Je suis dans un lit immaculé, vieux et inutile, fatigué et António, plus âgé que moi, attend que je lui réponde et que je réagisse à ses notes. Je suis malade. Très malade et dans quelques instants tout sera fini pour moi, même António qui m’a toujours accompagné, tous ces volants, ces coutures, ces dentelles et ces passementeries, les lourdes litières, la table de chevet et toute la panoplie de choses qui ne servent qu’aux vivants. Je suis morte il y a longtemps et c’était mon choix de ne pas vivre la joie d’Ana comme si c’était la mienne. Ne serrez pas non plus vos enfants dans vos bras comme s’ils étaient mes neveux. Et ils l’étaient, mais je ne l’ai jamais fait. Le choix de mourir quand Ana s’est lancée dans son nouveau voyage était le mien, le mien seul, ma folie et mes peurs. Je pensais qu’en remplissant Ana de peur du mariage, elle ne partirait pas, mais quand elle est partie, tous les rêves sont partis avec elle, les miens, et peut-être les siens, qui les avaient aussi. Je suis en train de mourir de la tuberculose, mais c’était une mort annoncée il y a si longtemps. Si j’avais eu le courage de quitter cette pièce lors des fiançailles et de pleurer ce que j’avais à pleurer, peut-être de faire comprendre à Ana ma peur d’être seule, peut-être qu’elle aurait été plus présente.
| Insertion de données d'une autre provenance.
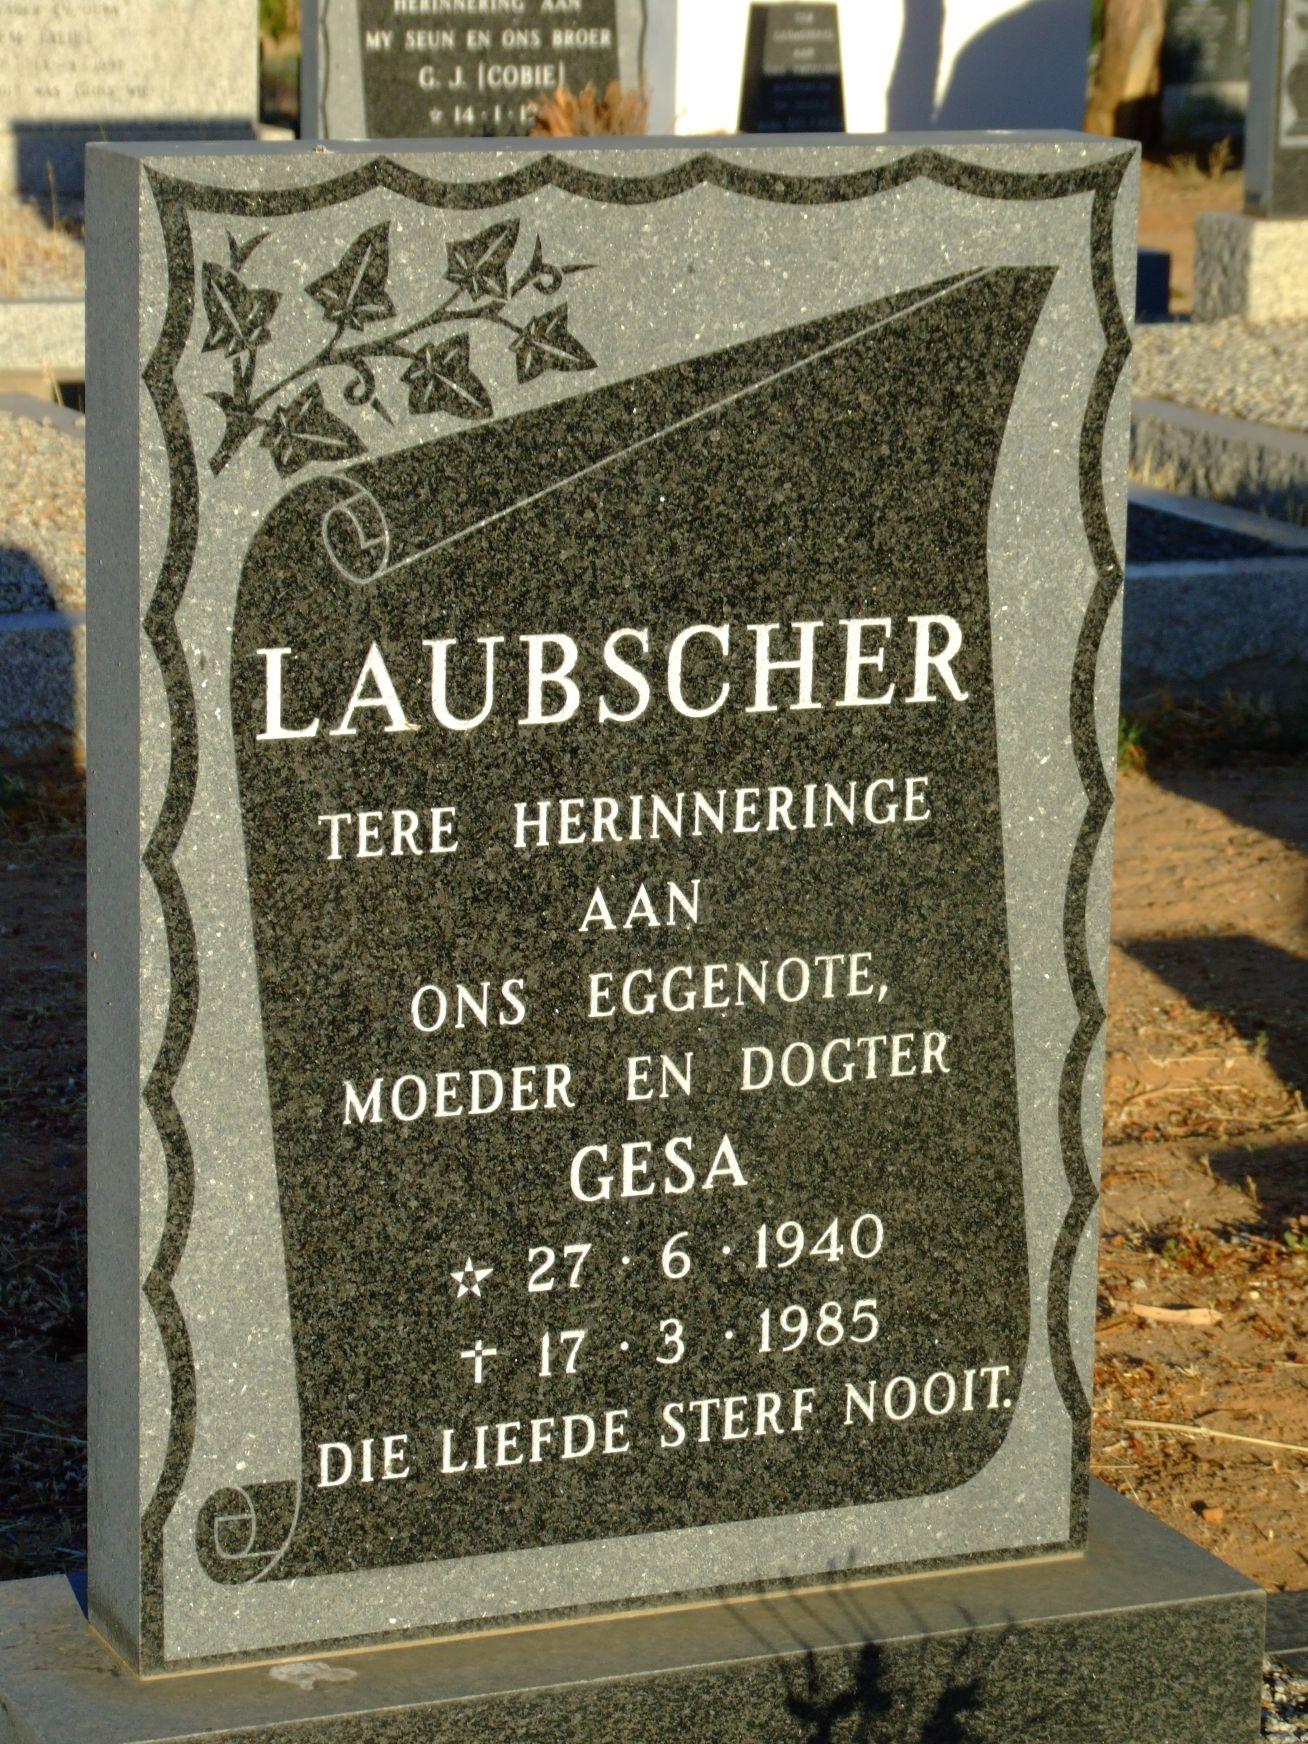 Laubscher, Gesa

Peut-être que j’aurais été plus heureux. Mais j’ai choisi la peur de l’amour et j’y ai ajouté la peur de perdre. Personne ne peut faire l’expérience de la perte d’un amour qui n’est pas perdu. Je l’ai perdu parce que j’ai décidé d’arrêter d’aimer. Je ne choisis pas la mort blanche, mais c’est celle qui commence à recouvrir tous les bords de la pièce et même le visage serein de mon ami, tranquille.